Is it a bad idea to increase batch size during training?

I’m fine-tuning a stable diffusion model. I trained it with batch size 24 for 100k steps with A100 GPU. Now I want to scale it across many GPUs. Let’s say I want to train it on 4 GPUs, a straightforward change is to train it with batch size 24 for each GPU, which results in effective batch size of 96.
I want to resume training from the 100k checkpoint. But I’m not sure whether the saved optimizer (AdamW) expects unchanging batch size or not.
Would increasing effective batch size during training like this break the optimizer or make it converge slower than randomly initialized optimizer?

The reason I think it could slow down the optimizer is because the optimizer might think that gradients used to be noisy so it will apply slow momentum to it. If I change to high quality gradients, it will still remember that the gradients used to be noisy and it will not apply stronger momentum, making the high quality gradients a waste of compute because it’s not taken advantage of fully.
How fast do you think the optimizer would learn to take advantage of the high quality gradients?
Is it roughly 1k steps, 10k steps, or never?

This is an interesting question! I do not think increasing the batch size while using the optimizer states from the previous training run would be an issue.
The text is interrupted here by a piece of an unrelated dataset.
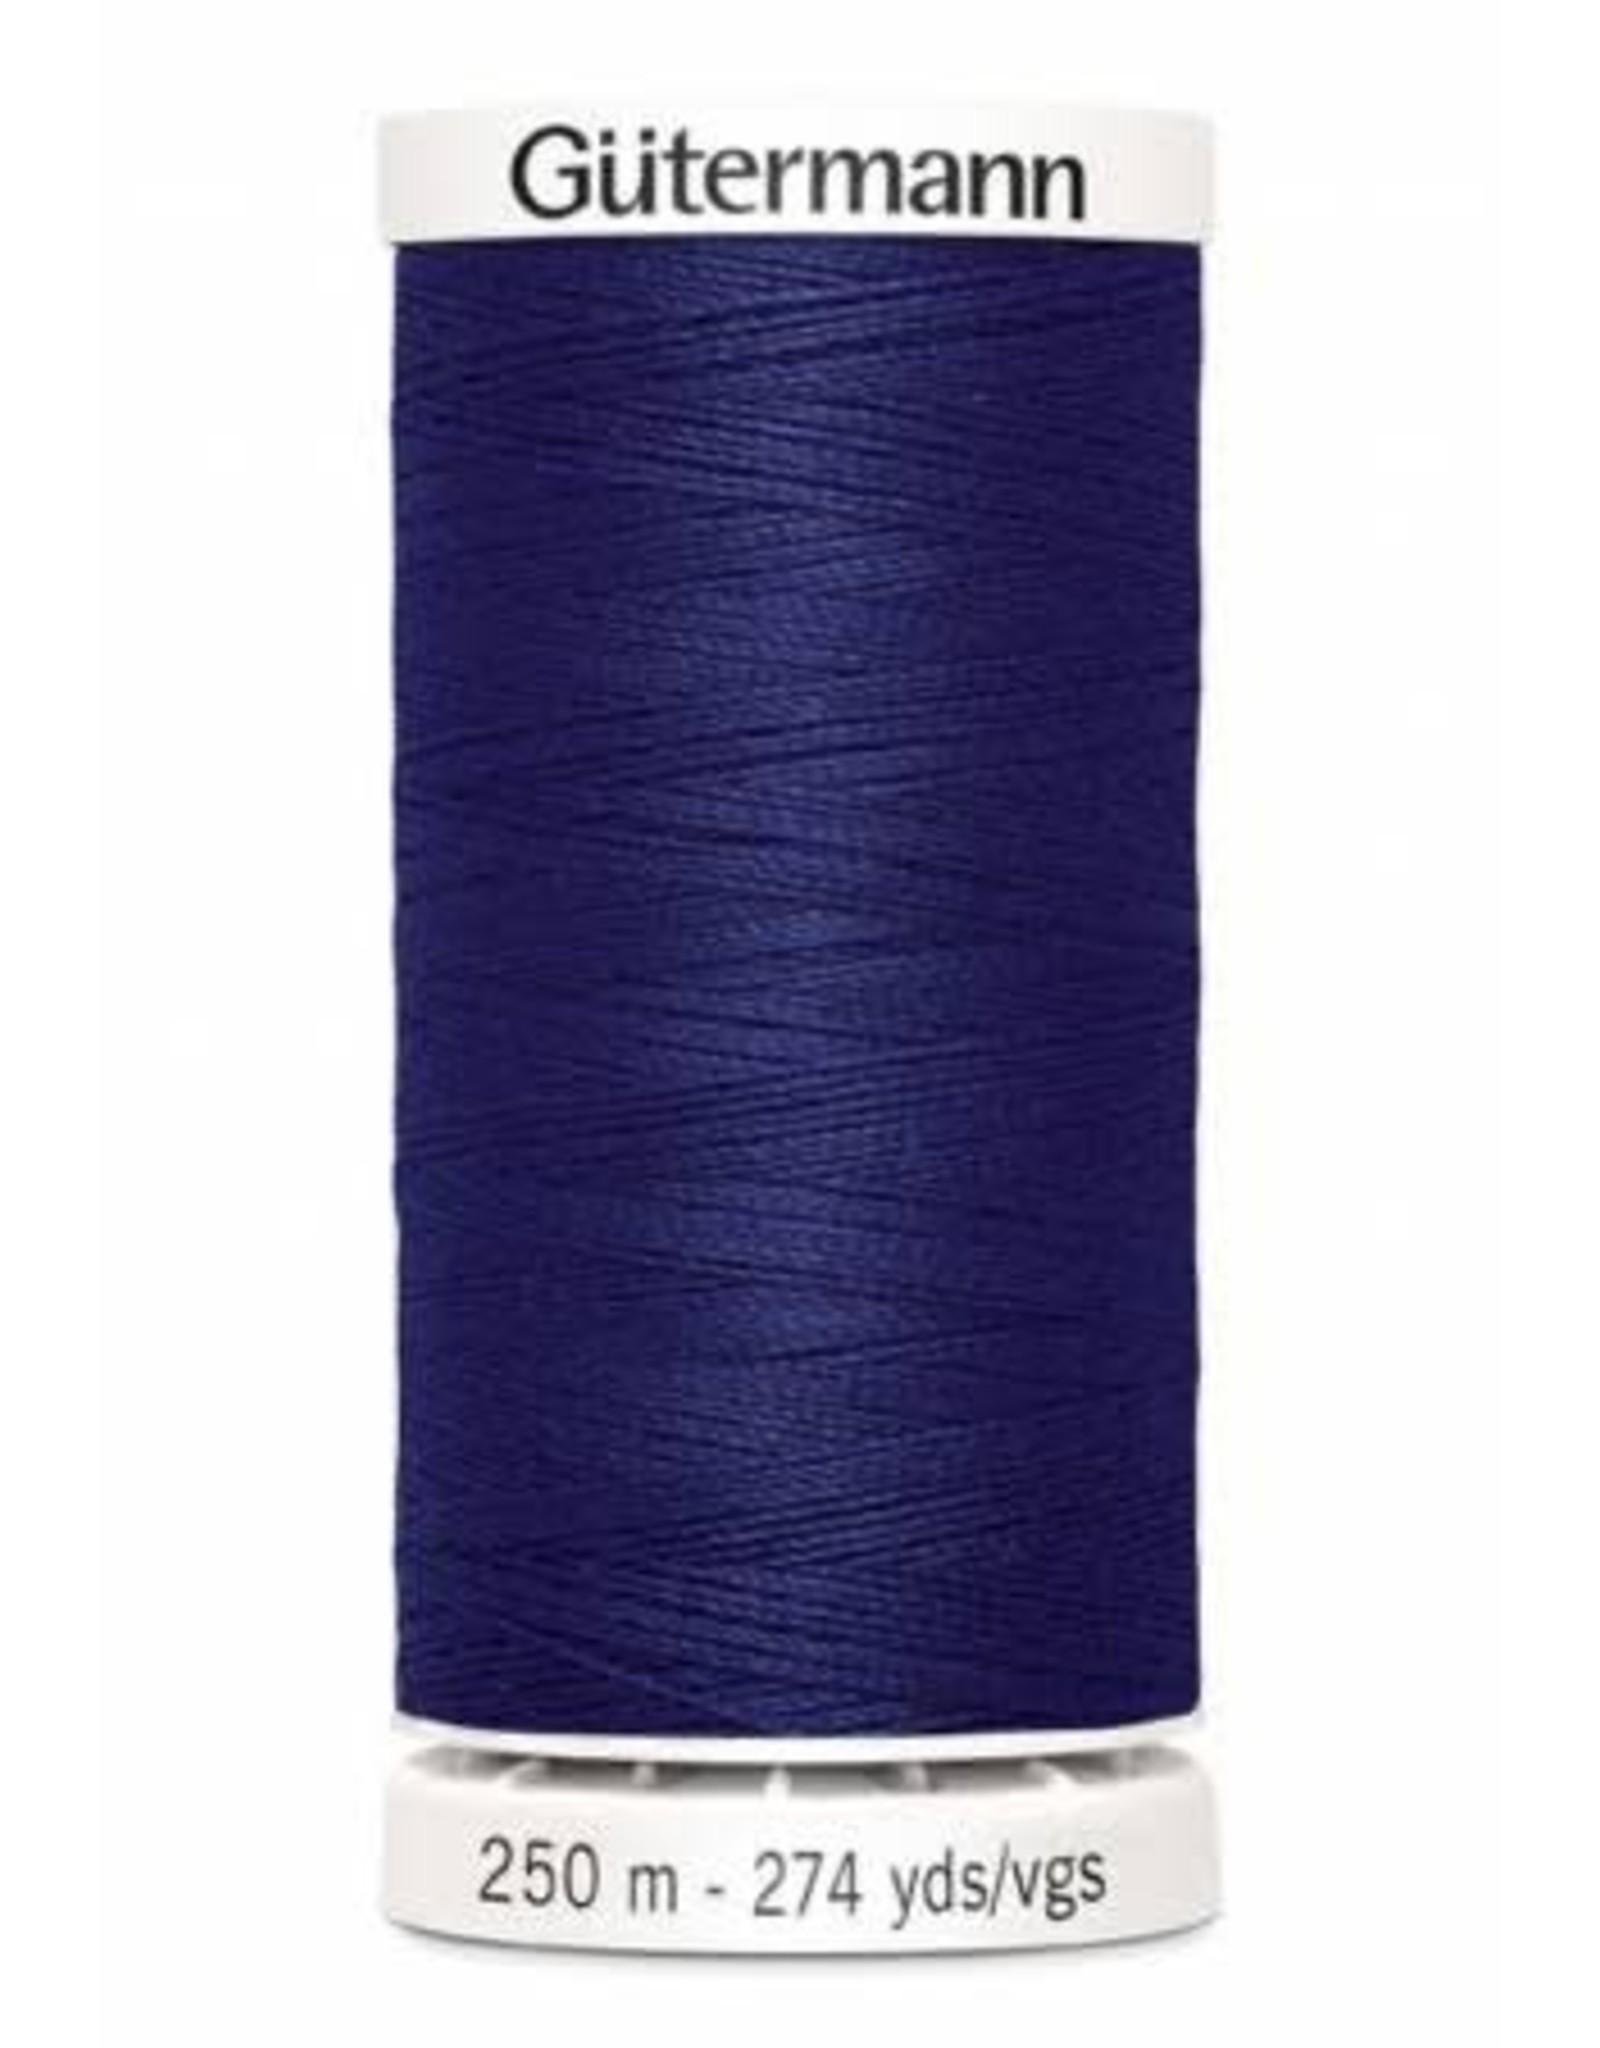 Gutermann Gutermann Thread, 250M-266 Bright Navy Blue, Sew-All Polyester All Purpose Thread, 250m/273yds

I think you could either go with the old optimizer states or just start with fresh gradient statistics both would work imo.

Just worst case if you’re limited on compute, you could start with a small learning rate for a bit and then increase once you’re confident you have better gradient statistics. I haven’t seen this as a formal recommendation anywhere but it’s more just like a worse case might as well :slight_smile:

3 Likes

A tweet on the topic: https://twitter.com/Yampeleg/status/1674034884652802048

4 Likes